Sandwich theorem?

[EriLynn.]

Okay so i've been reading my text book and it talks about using the sandwich theorem to compute questions like "limit as x approaches infinity of (sinx/x)" and im not sure of how to used this sandwich theorem because all the book says it the following:
" If f(x) is less than or equal to g(x) which is less than or equal to h(x) for all x in an open interval that contains c (except possibly at c) and the limit as x approaches c of f(x) is equal to the limit as x approaches h(s) equals L then the limit as x approaches c of g(x) equal L..."

Can someone please explain how i use this theorem for the above question, or what kind of steps i need to follow to show this theorem??
Thanks.

 

[galactus]

This example is in most calc books. If you google it you can find it. It is one of the most common examples when demonstrating the Squeeze/Sandwich Theorem

It is based on a unit circle sector. Just google 'squeeze theorem' and I am sure you'll find it.

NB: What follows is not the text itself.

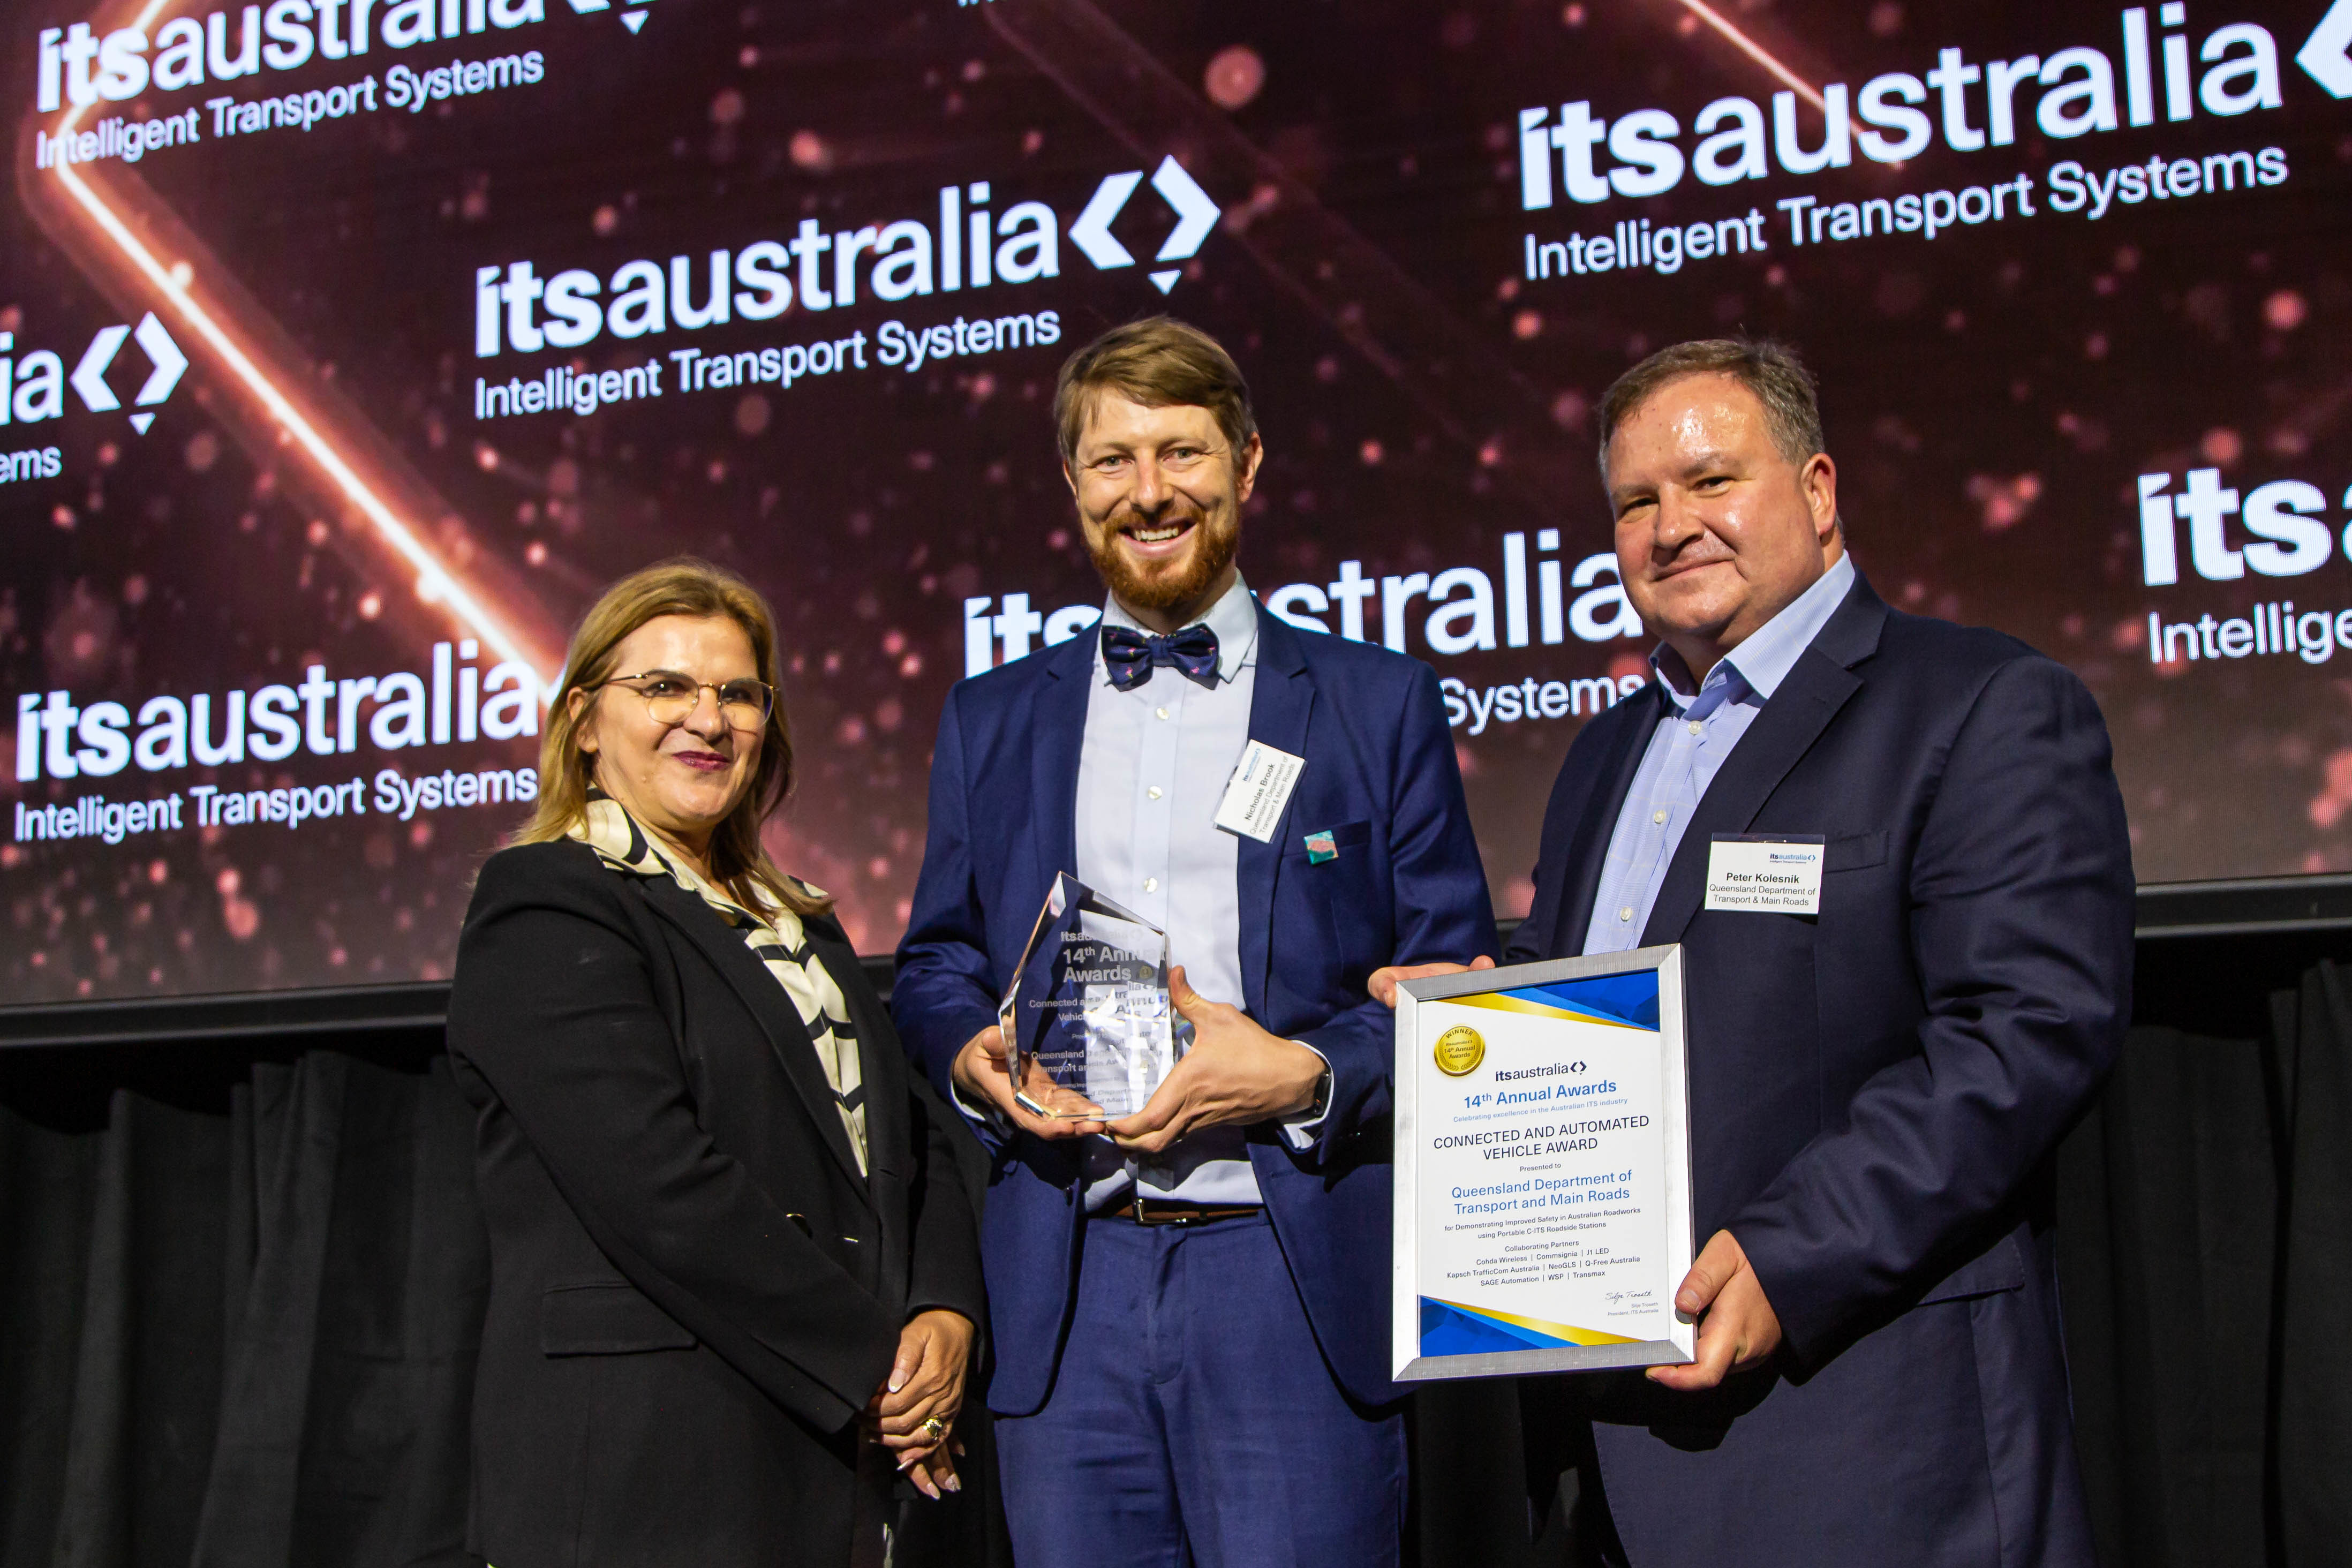 Nicholas Brook and Peter Kolesnik from Qld Department of Transport and Main Roads accepting the Connected and Automated Vehicle Award from Rita Excel, AWS and ITS Australia Board Member
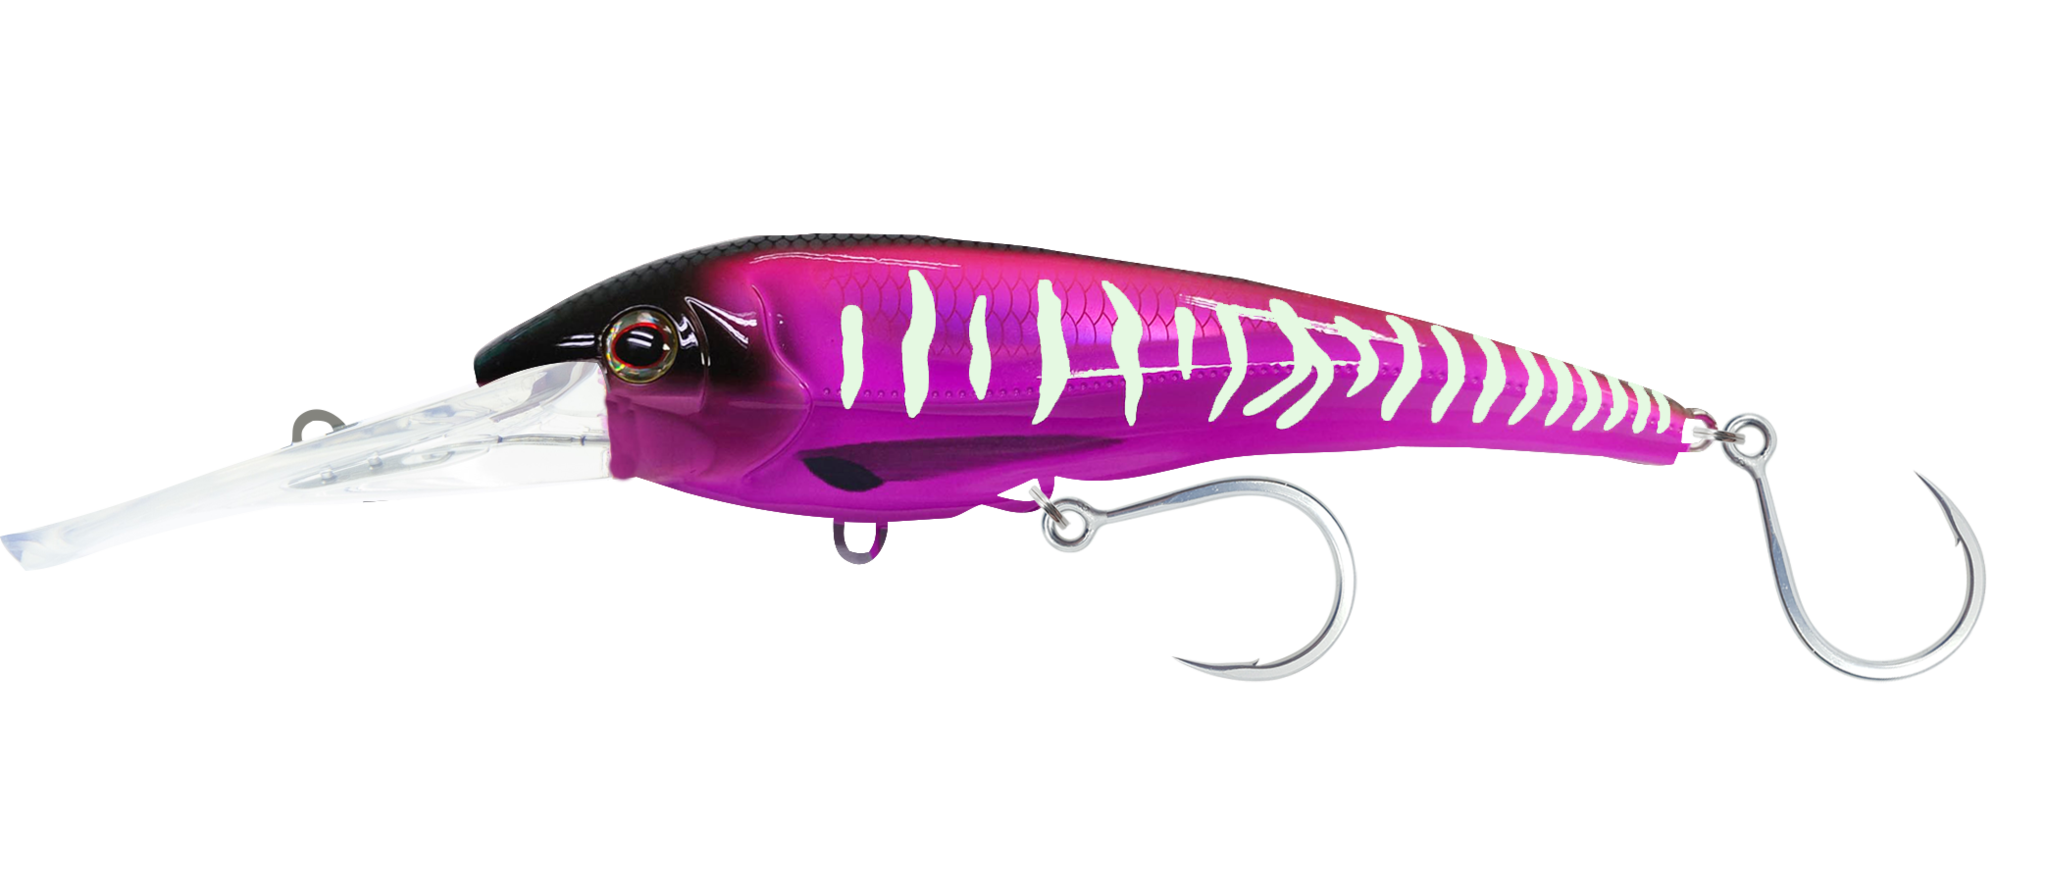 Nomad - DTX Minnow Sinking 200 - 8 Lure

EDIT: Oh, you said as x --> infinity, and not 0. OK. Let's do it this way then:

\(\displaystyle \lim_{x\to \infty}\frac{sin(x)}{x}\)

Sine ranges from -1 to 1:

\(\displaystyle -1\leq sin(x)\leq 1\)

Divide by x:

So, \(\displaystyle \frac{-1}{x}\leq \frac{sin(x)}{x}\leq \frac{1}{x}, \;\ x>0\)

But \(\displaystyle \frac{-1}{x} \;\ \text{and} \;\ \frac{1}{x}\to 0 \;\ \text{as} \;\ x\to {\infty}\)

Therefore, \(\displaystyle \lim_{x\to \infty}\frac{sin(x)}{x}=0\)

See?. Since sin(x)/x is Sandwiched between -1/x and 1/x, and since both -1/x and 1/x head toward 0 as x gets larger and larger(limit is unbounded)*, then sin(x)/x must have limit 0 as well.

*I do not like to say "as x approaches infinity". Nothing can approach infinity, though we know what is meant. To say "x approaches infinity" is an 'sloppy' way of putting it. We could say that x increases without bound. See what I mean?.